Task item:
Everything in the listing below has to be repeated exactly, except the pictures.

Provided material:
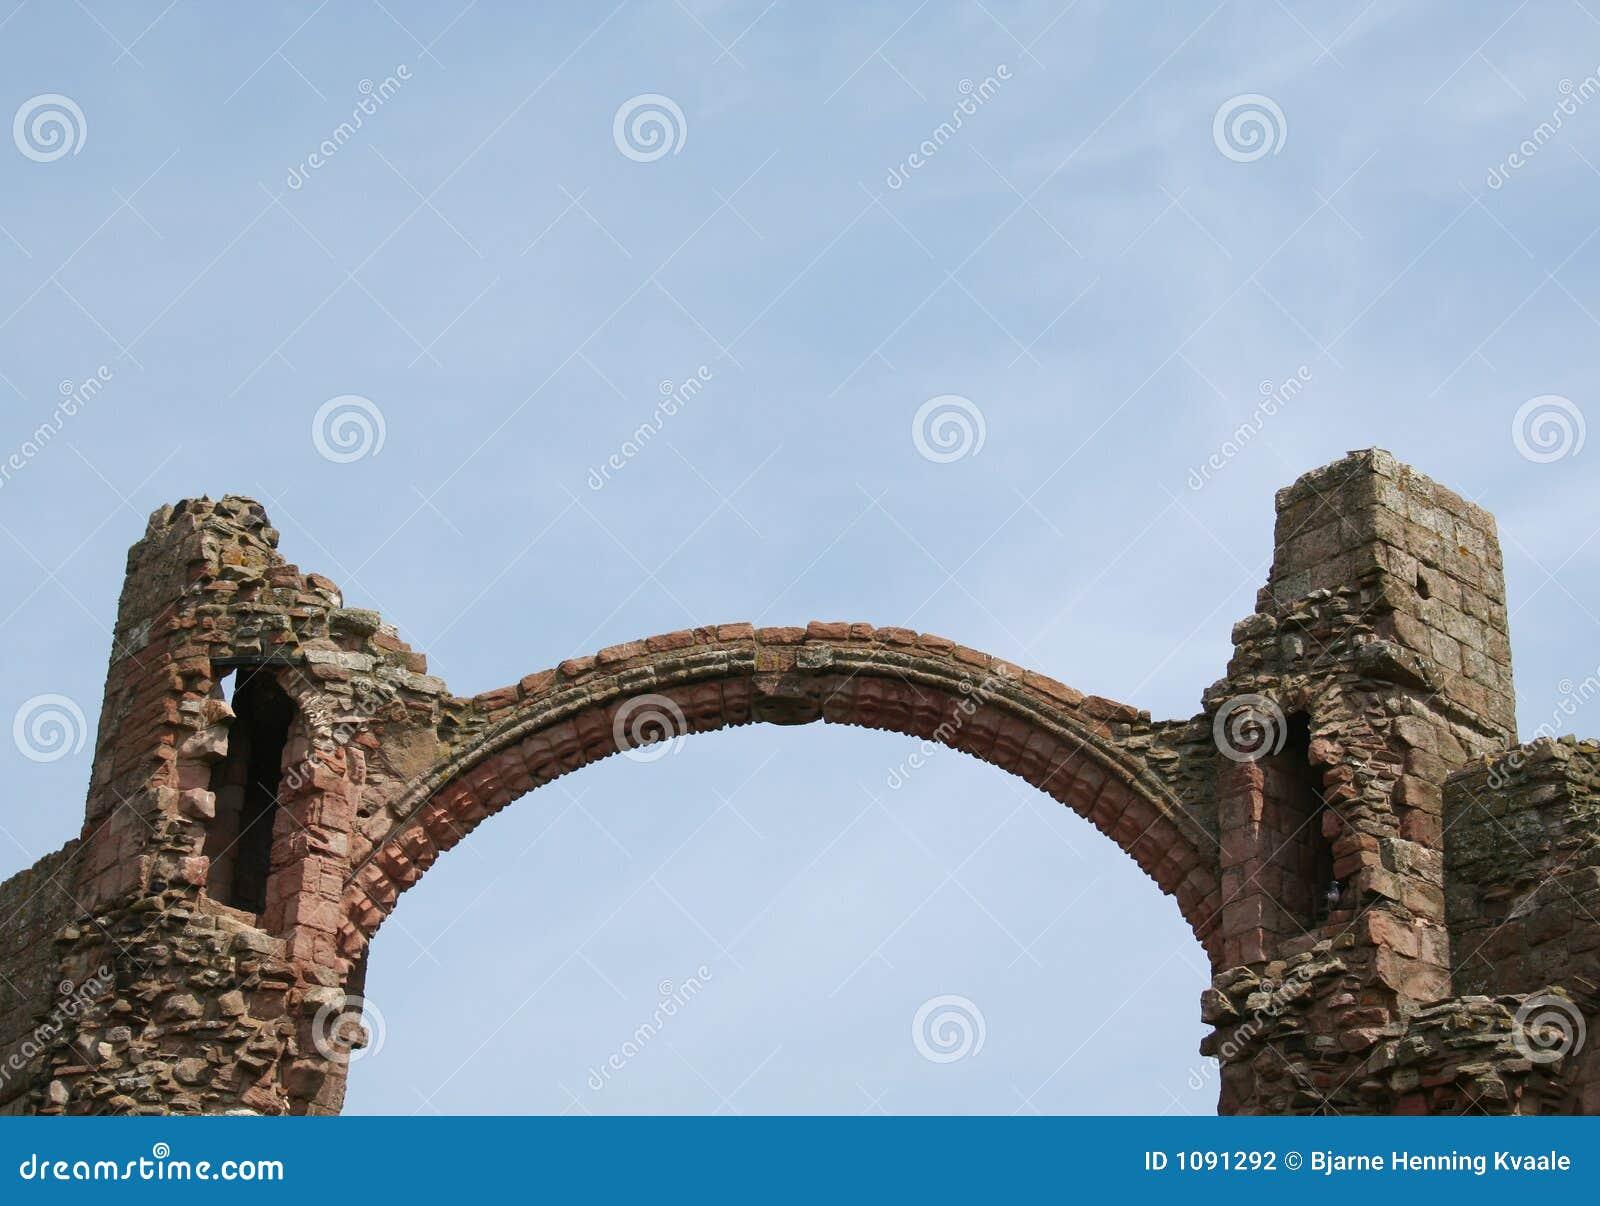 Arch lindisfarne
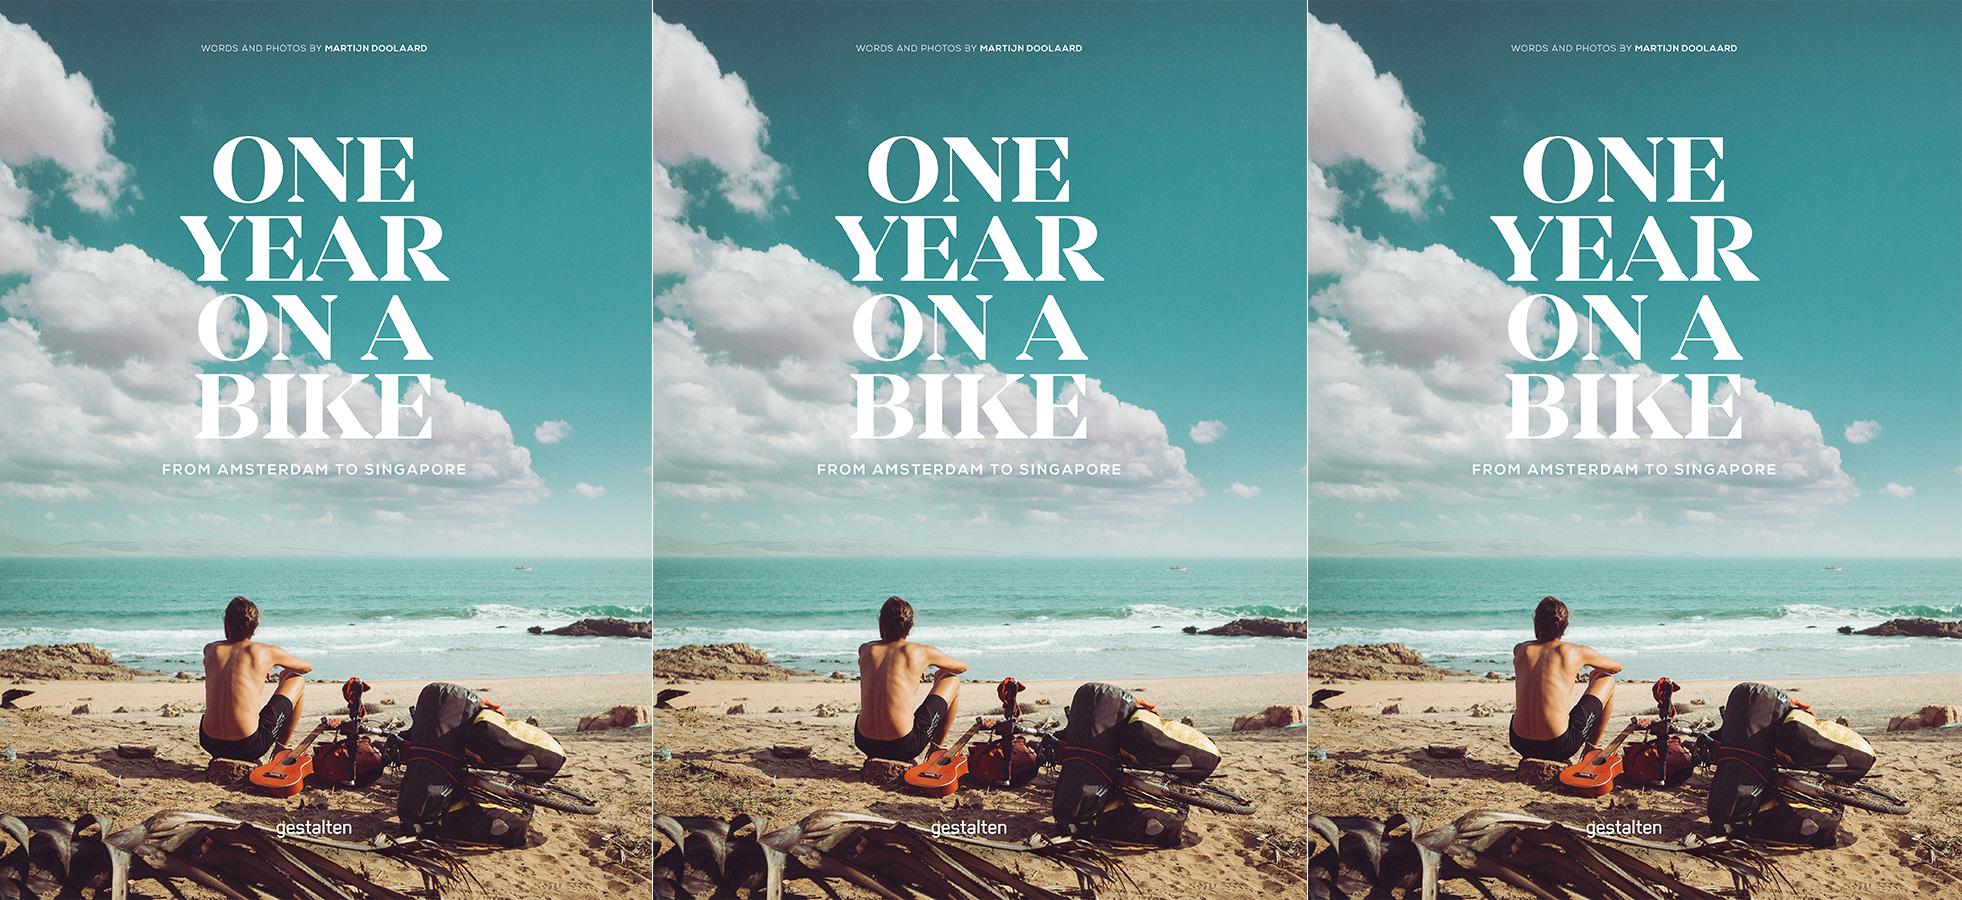 One-Year-On-A-Bike-Gestalten-Verlag-Cover
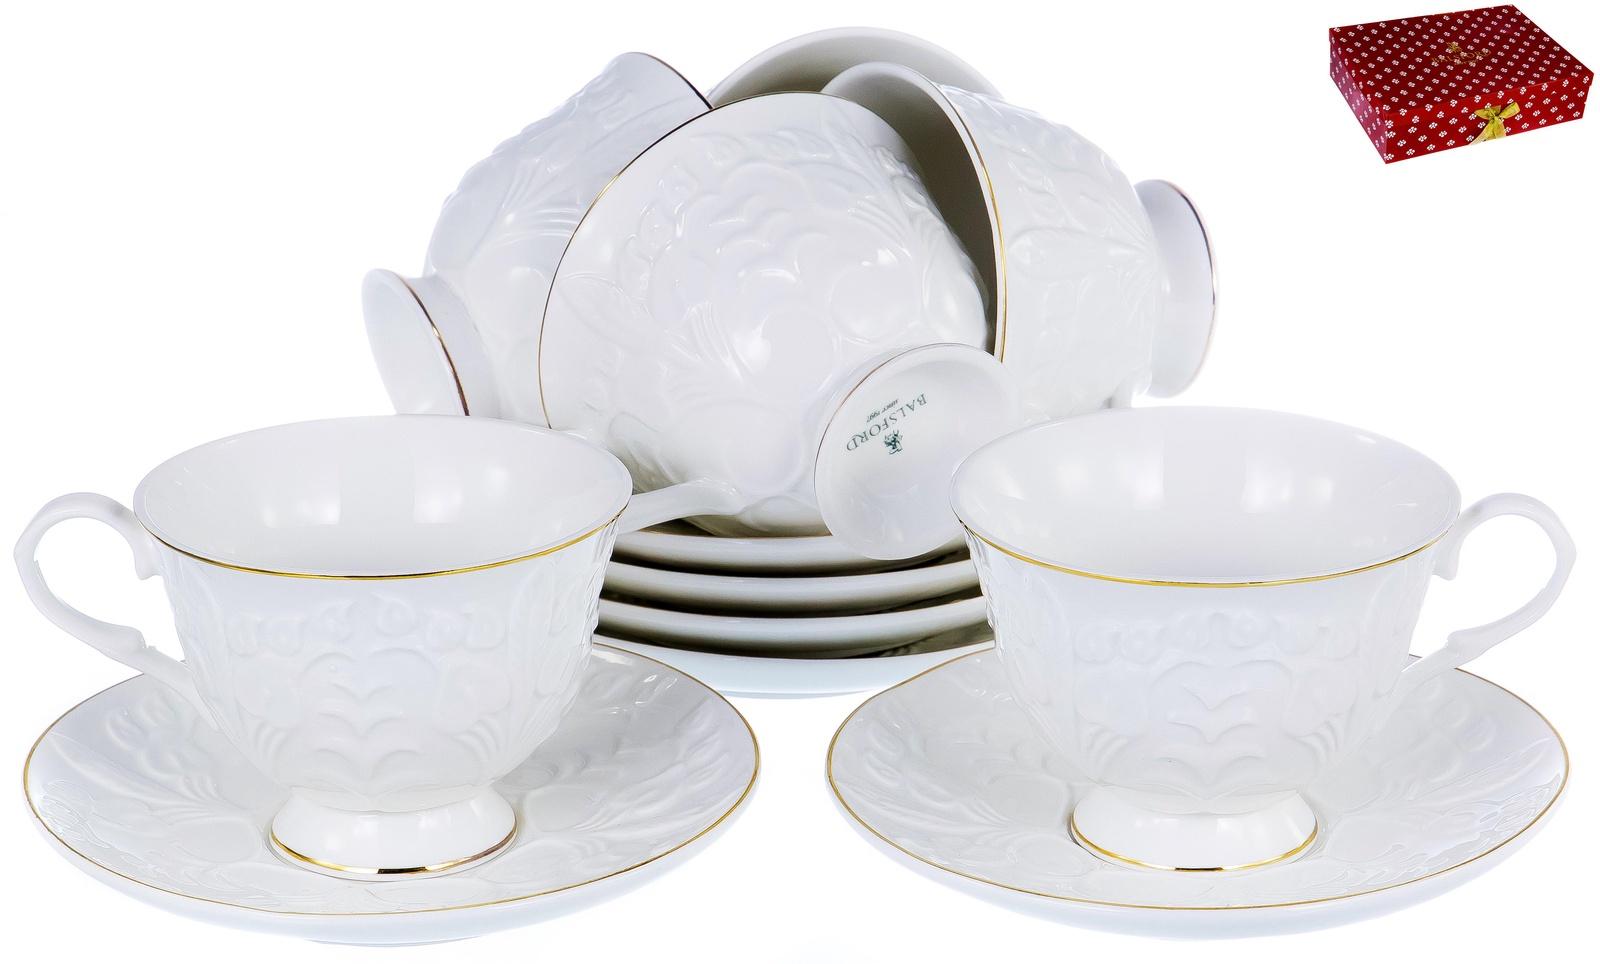 ГРАЦИЯ, набор чайный, 6 чашек 220мл, 6 блюдец, NEW BONE CHINA, белый рельефный рисунок с золотом, прямоугольная подарочная упаковка с окном и бантом, ТМ Balsford, артикул 101-30002

Answer box:
 Arch lindisfarne
 One-Year-On-A-Bike-Gestalten-Verlag-Cover
 ГРАЦИЯ, набор чайный, 6 чашек 220мл, 6 блюдец, NEW BONE CHINA, белый рельефный рисунок с золотом, прямоугольная подарочная упаковка с окном и бантом, ТМ Balsford, артикул 101-30002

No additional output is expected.